Andorra is the last surviving independent buffer state created by Charlemagne ca. 805 AD to keep the Muslim Moors from advancing into Christian France. Charlemagne granted a charter to the Andorran people in return for their fighting the Moors. In the 800s, Charlemagne's grandson Charles the Bald made the Count of Urgell overlord of Andorra, and the Count's descendant later gave the lands to the Bishop of Urgell.

In 1050 AD in the Court at Barcelona in Spanish Catalonia, Count Ramon Berenguer I made a mutual pact of alliance with his cousin, Count Ermengol of Urgell. Ramon commended two of his men as vassals to his brother Sanc Berenguer. One of the men, ADALBERT GUITARD, was commended with the honor of holding lands, castles, rights, etc. in the counties of Barcelona and Osona.

Also around 1050 A.D. the Bishop of Urgell became worried that Andorra was not secure from attack by neighboring lords. So the Bishop placed Andorra and its defense under the protection of LORD CABOET, a Spanish nobleman, giving in exchange properties and some rights in the Valleys. In 1096 A.D., GUITARD ISARN [meaning "iron"] DE CABOET swore fidelity to the Bishop "Bernat Sanç." In 1110 GUILLEM GUITARD did the same, and in 1159 Arnau de Caboet.

In 1133 the Count of Urgell gave to the Bishop and the Cathedral of Urgell all the rights to the Valleys of Andorra in perpetuity, and ordered the inhabitants of the Valleys to swear fidelity to the Bishop and his successors and respect all the duties of good vassals. Urgell guaranteed this donation along with six Andorran delegates, including MIRO GUITARD, Master of the Valleys de Cabó and Sant Joan. The rights on Andorra passed successively from Caboet to Castellbó in 1185.

See THE LIBRARY OF IBERIAN RESOURCES ONLINE
A Medieval Catalan Noble Family: the Montcadas, 1000-1230, by John C. Shideler; U.S. State Department Press Briefing Book; Josep Quereda Vàzquez, HISTORY OF ANDORRE by translated by Xavier Pi i Garcia, http://www.andorramania.com/histoire_gb.htm

KNIGHT TEMPLAR COMMANDER GUITART was recorded in Catalonia in 1343 AD in Villafranca, in 1346-1362 AD in Avinyonet, and in 1359-1362 AD in Cast Ampuries, around the time of the Sixth Crusade in 1348-1354 AD.

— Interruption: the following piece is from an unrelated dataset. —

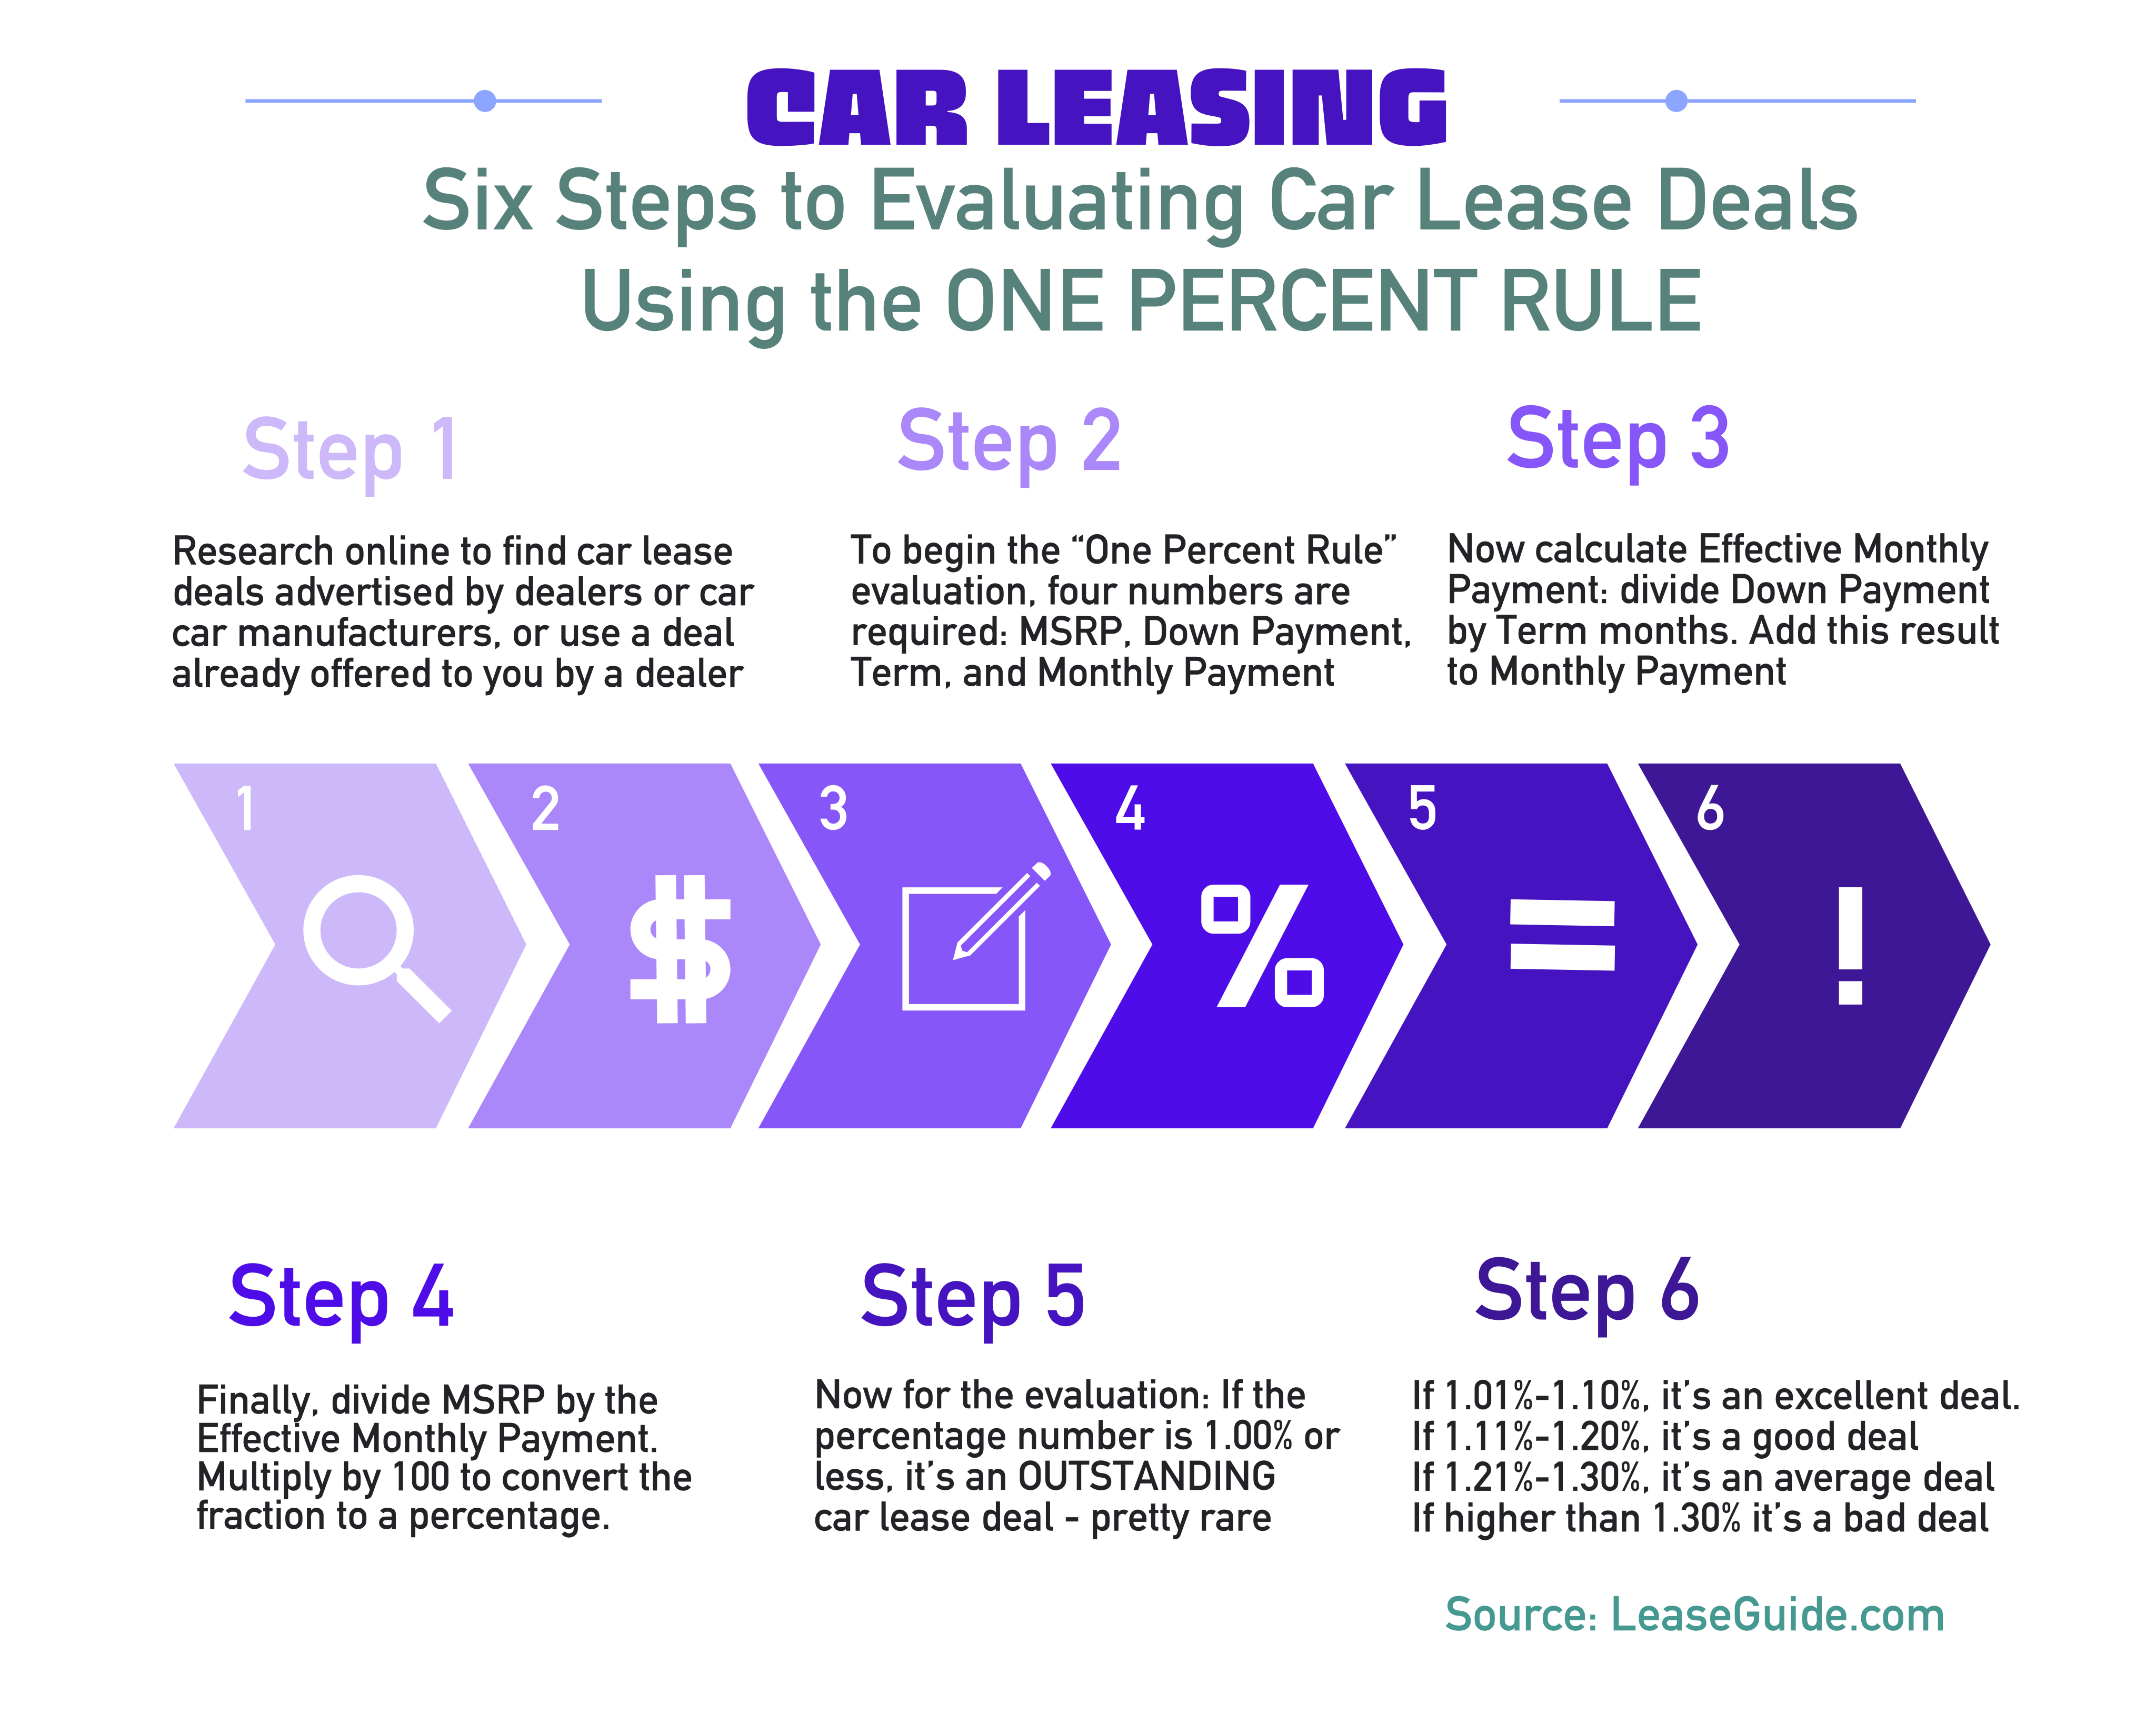 Six Steps to Evaluating Car Lease Deals by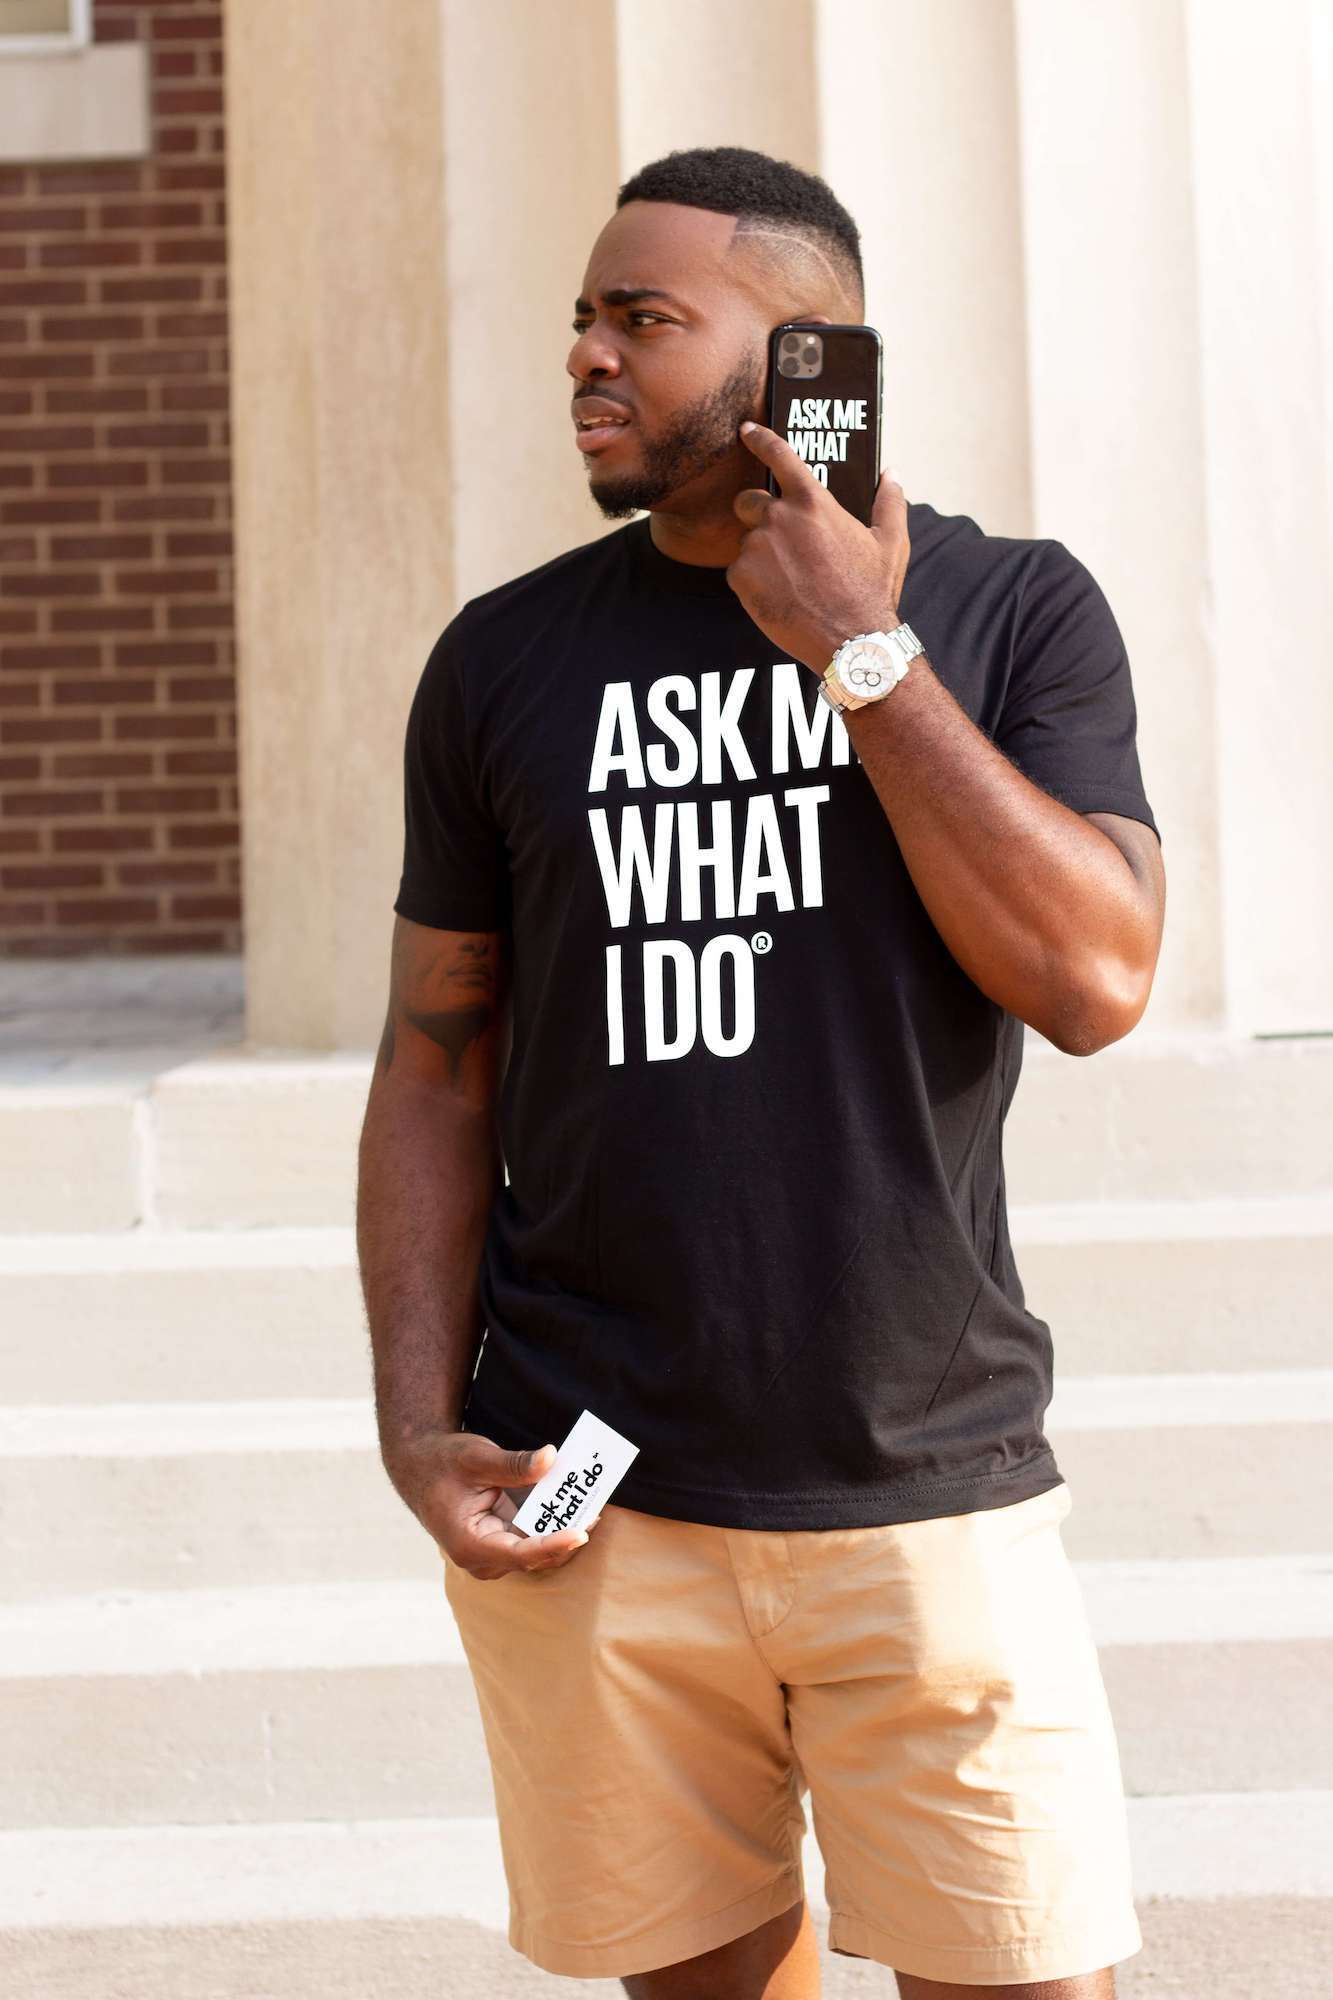 Young Black man wearing black and white "Ask me what I do" T-shirt

North of the border in French Catalonia, the period 1891-1915 saw Guitard-variant surname births in Pyrenees Orientales plus other border departments as follows:

GUITARD - Pyrenees Orientales 71; Haute-Garonne 53 (southern tip on border)

GUITER - Pyrenees Orientales 80; Haute Pyrenees 7

GUITTARD - Haute Garonne (southern tip on border) 32; Pyrenees Orientales 8

On the current population of Guitards in Spain, we find 92 Guitard telephone listings in the current Spanish directory on infobel.com. We also find Guitards in Spain and Portugal through google, and we hope to contact them by email.

Of course, if we find the Guitards on both sides of the Pyrenees border are related, then the French Guitards could have come down from Spanish Guitards who moved north over the Pyrenees from Catalonia. Or perhaps French Guitards from the Ruffec or Puy de Dome areas moved down into Spanish Catalonia during the Spanish Reconquest around the time Charlemagne captured Spanish Catalonia and took Barcelona from the Moors in 797 AD. Or testing might show that the Spanish or French Guitards along the Pyrenees border are completely separate lines from different haplogroups.

Some Guitars immigrated into New Orleans from Spain and Cuba, such as S. Jago Guitar in 1824 from Cuba, and Salvador Guitar in 1837 from Malaga, Spain. Some Mexican-born Guitards also entered the United States, such as Amiel and Robert Guitard, who appeared on the 1860 census in San Antonio. Plus, we have the Guiterrez-variant families from Spain and Mexico, and no idea whether they are related.

We hope anyone having either current or historical information on Guitard-variation surnames in Andorra, Spain, Portugal, Mexico, Belgium, or elsewhere will give us additional facts.

We especially hope that Guitards and similar spellings in Andorra, Spain, Portugal, and Mexico will submit a test, so we can compare them to French Guitards in Pyrenees Orientales, Haute Garonne, Aveyron and Haute Vienne and to French Guiters in Pyrenees Orientales, and confirm whether they should be joined as a branch of the same family tree or placed on their separate tree.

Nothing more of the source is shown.